EnBW concurred on the lack of clarity, with more concrete information needed on the government's plans and particularly surrounding to what extent combined heat and power plants (CHPs) will be included in the tenders. Vattenfall also said that in order to achieve a rapid ramp up, the hydrogen "starter grid" should take CHPs into account.

The utilities generally agreed that both greater clarity around the specifics of the tenders and their timely implementation is essential, with Michael Muller, chief executive of RWE — which holds a dominant position in the German power market — particularly highlighting that the additions are "crucial" to enable a coal phase-out by 2030.

A total of 11.9GW of conventional capacity is expected to be decommissioned by 2025, and renewable additions have been consistently below the pace required to reach the country's 2030 targets, raising concerns about supply as the industry-heavy country tries to decarbonise.

BMWK estimates that demand will rise to around 750TWh by 2030, which the country's transmission system operators expect to see particularly in the demand-heavy southern and western areas of Germany.

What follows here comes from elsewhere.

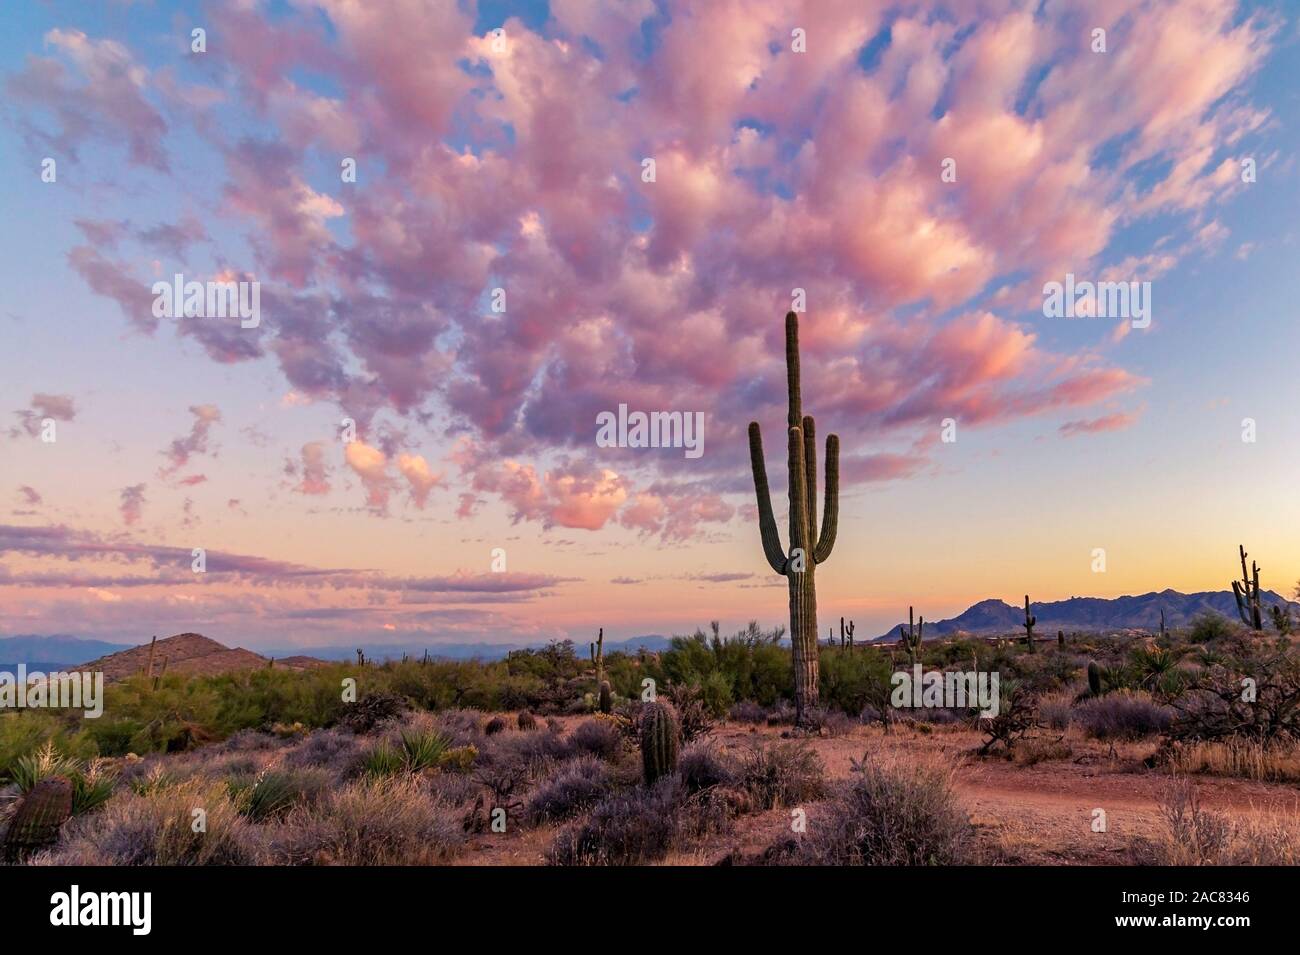 Ein einsamer Saguaro Kaktus mit Sonnenuntergang Himmel in Scottsdale, Arizona Stockfoto

Southern utility EnBW said that the "decisive factor" for it is whether the specifics for southern Germany will be taken into account, as the demand-heavy part of the country will see later availability of hydrogen.

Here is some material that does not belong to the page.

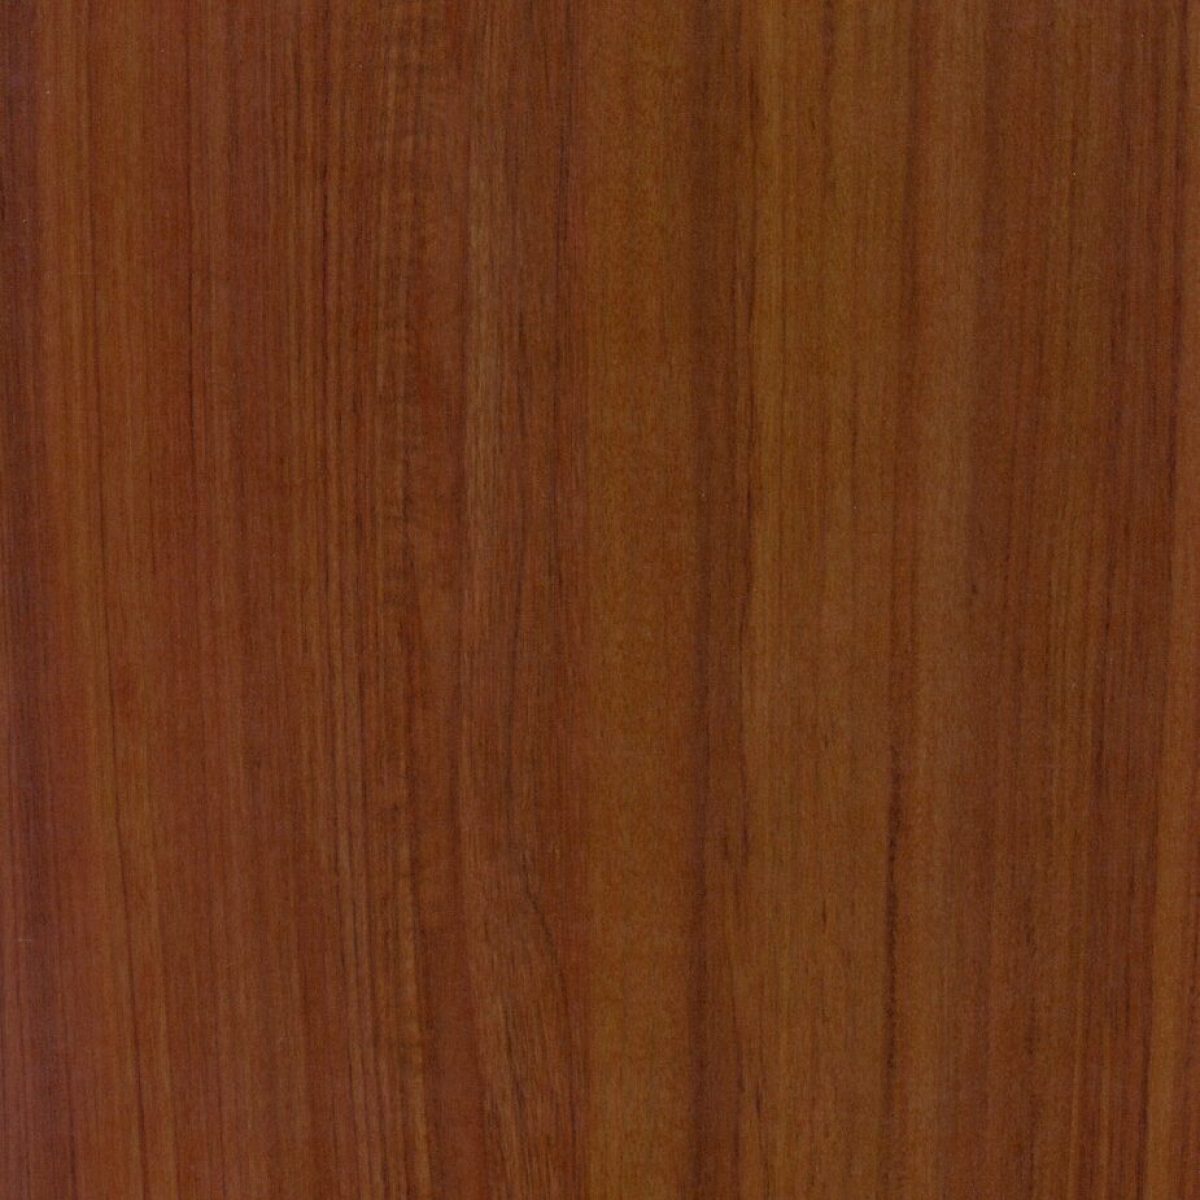 GRANADILLO - Tamaños (1,22 x 2,44m)  |  Espesor (0.7mm)

But in combination with other measures such as increased use of batteries and lower electrification than assumed by BMWK, the addition of 15GW of new gas-fired capacity by 2030 could be sufficient to meet the supply crunch, according to Erfurt University of Applied Sciences professor for energy economics Konstantin Lenz.

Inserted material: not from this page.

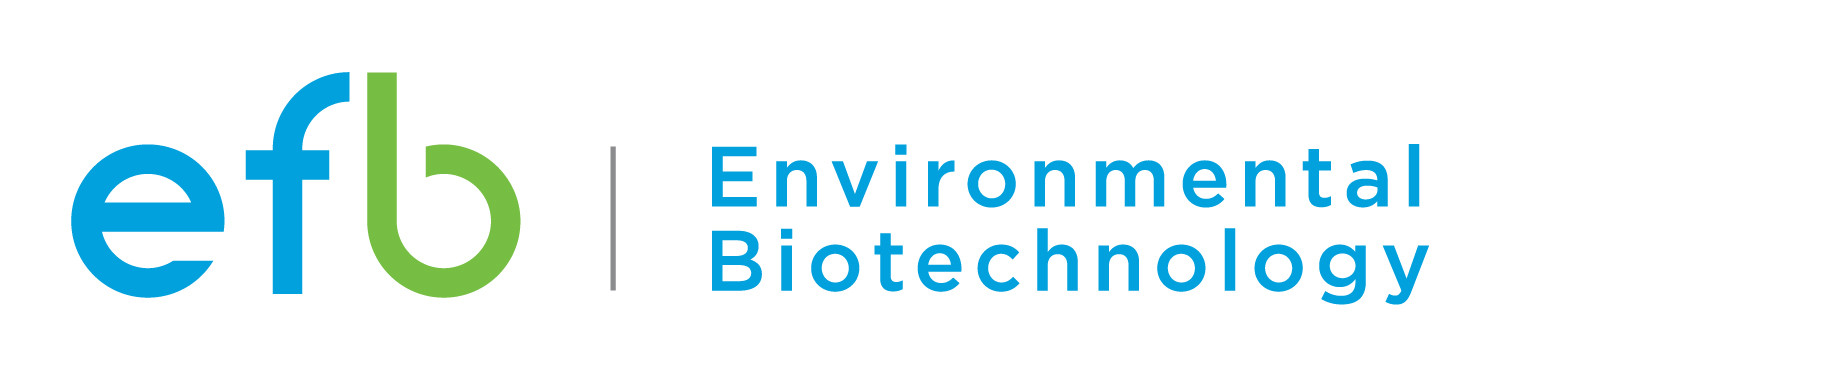 EFB Environmental Biotechnology Division

Utilities Steag and Leag told Argus they are planning to build 3GW of gas-fired capacity each by 2030, and EnBW said it is implementing 1.5GW of fuel-switch projects, while Uniper is planning "gigawatt scale" new flexible plants. RWE and Vattenfall did not disclose planned capacity additions. Together, RWE, EnBW, Leag, Vattenfall and Uniper's portfolios account for over half of Germany's installed capacity outside the renewable energy act.

Both Uniper and Steag called for the creation of a capacity market in Germany, which Steag argued would help to close the looming supply gap. Uniper also highlighted that it is uncertain whether the targeted gas-fired additions would be sufficient to cover peak load requirements in the future, and that a capacity market would combine the security of supply instruments Germany has available such as its grid, capacity and lignite reserves and take greater account of measures such as batteries or load management.

Earlier this week, Germany's monopolies commission recommended the creation of a capacity market to replace the country's capacity reserve, which is due to expire in 2025. The capacity market proposed by the commission would comprise three stages and combine decentralised and centralised capacity market elements.